1. Have leaders get to know their team members better: their individual skills, differences and personalities.
2. Assign tasks in accordance to individual predispositions.
3. Identify obstacles and find ways to overcome them.
4. Address potential conflicts between team members and deal with them constructively.
5. Be flexible and ready to adjust.

Future Processing – case study

When people started feeling more confident in their roles, the division of responsibilities according to individual predispositions and skills presented itself naturally. We focused more on handling problems that, previously, did not seem to have any clear cut solutions. Minor conflicts were resolved between team members, and only major ones required consultation with team leaders.

5 steps of the norming stage

1. Establish some sort of consensus.
2. Work within certain procedures in order to let everyone know what to expect.
3. Focus on cooperation and collaboration, following the rules of your selected management methodology.
4. Strive to improve overall performance.
5. Track your progress.

Future Processing – case study

The transition to this phase was so smooth and natural, that it was virtually unnoticeable.
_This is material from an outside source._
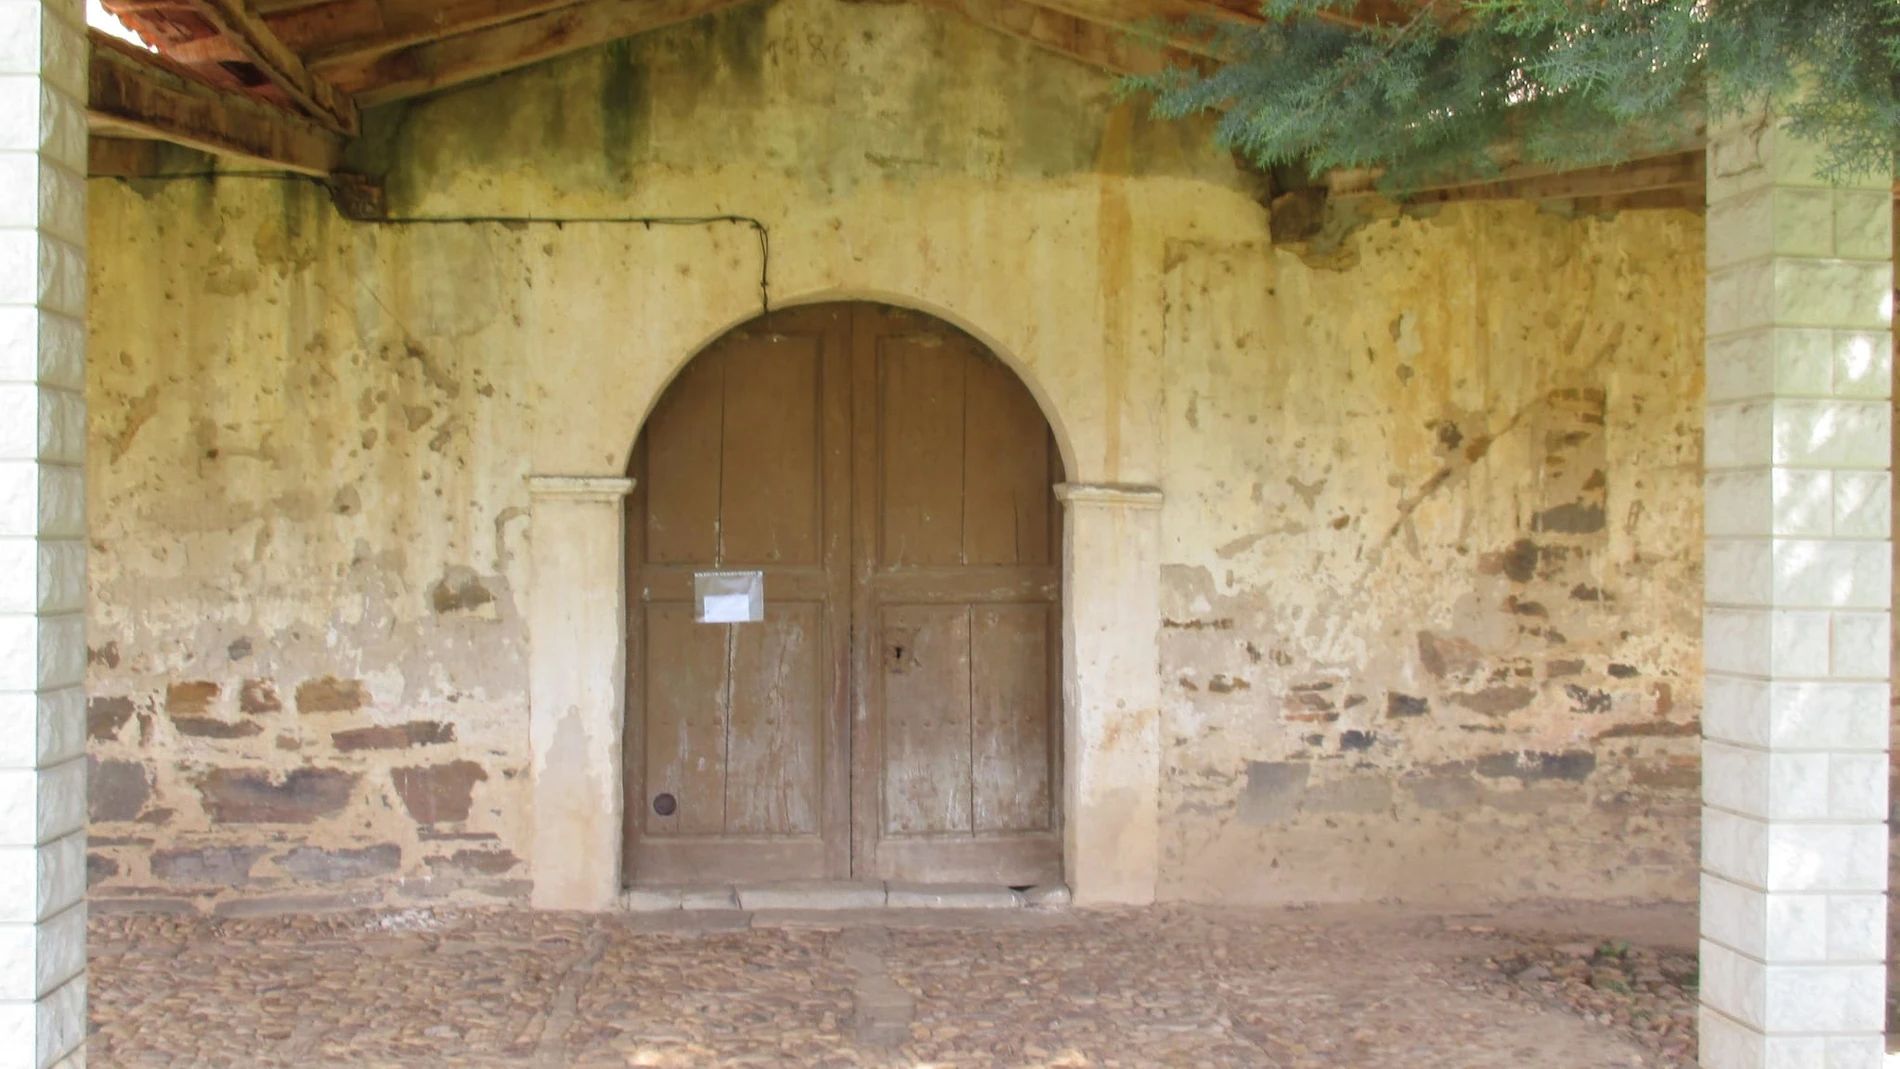 Puerta de uno de los templos leoneses al que entraron los dos detenidos para robar.

Now, we follow clear and simple rules — rules that everyone knows, comprehends and respects. As leaders, we collect as much data as possible to track our progress and improve our work. Our communication skills are also on an excellent level – both among team members, and between us and our client. We are also proud of our flawless and efficient onboarding process, where every new team member receives a massive amount of support and is able to quickly learn how we work.
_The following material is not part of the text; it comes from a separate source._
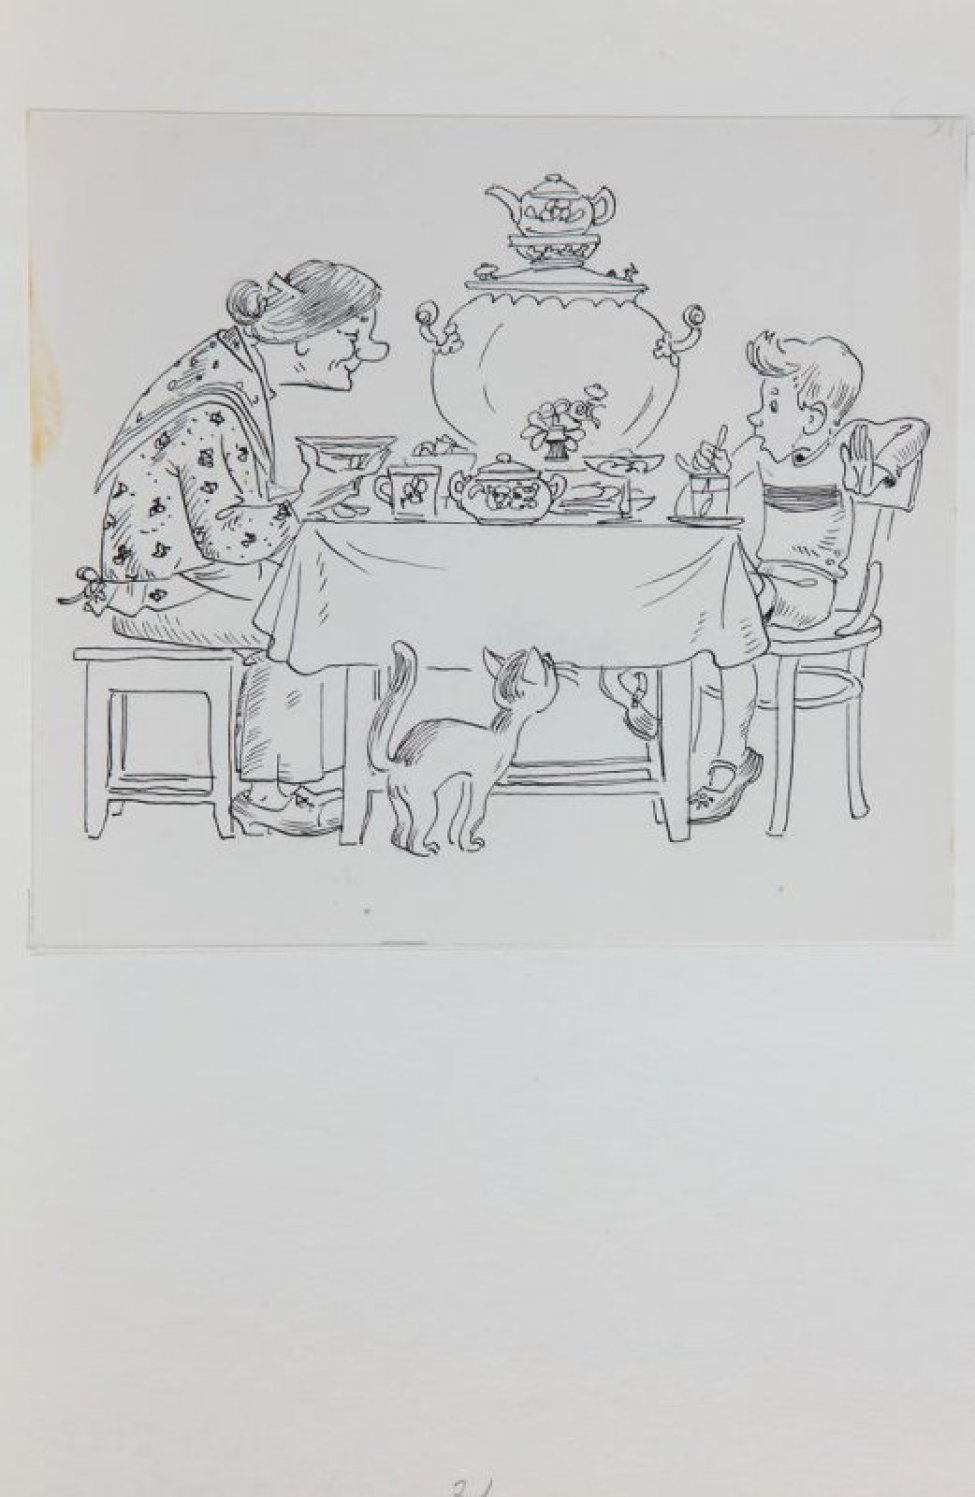 Дано стилизованное изображение старушки и мальчика, сидящих за накрытым чайным столом с самоваром, возле стола - кошка.

Of course, while going through all of these stages, there are some other things you shouldn’t forget about, as they can make your cooperation more pleasant, less stressful, and also much more enjoyable — such as:

• organising team-building activities,
• celebrating small wins,
• always encouraging open communication that builds trust.

Benefits of using this approach

One of the main benefits of using this approach is being able to establish a well-functioning development team – in a relatively short amount of time and while working as a whole. This also includes:

• increased work efficiency,
• greater employee satisfaction and motivation,
• less frustration,
• higher likelihood of project success.

There is also one more thing that sounds promising for the entire company: a well-organised development team is far more likely to carry out many more successful projects, together.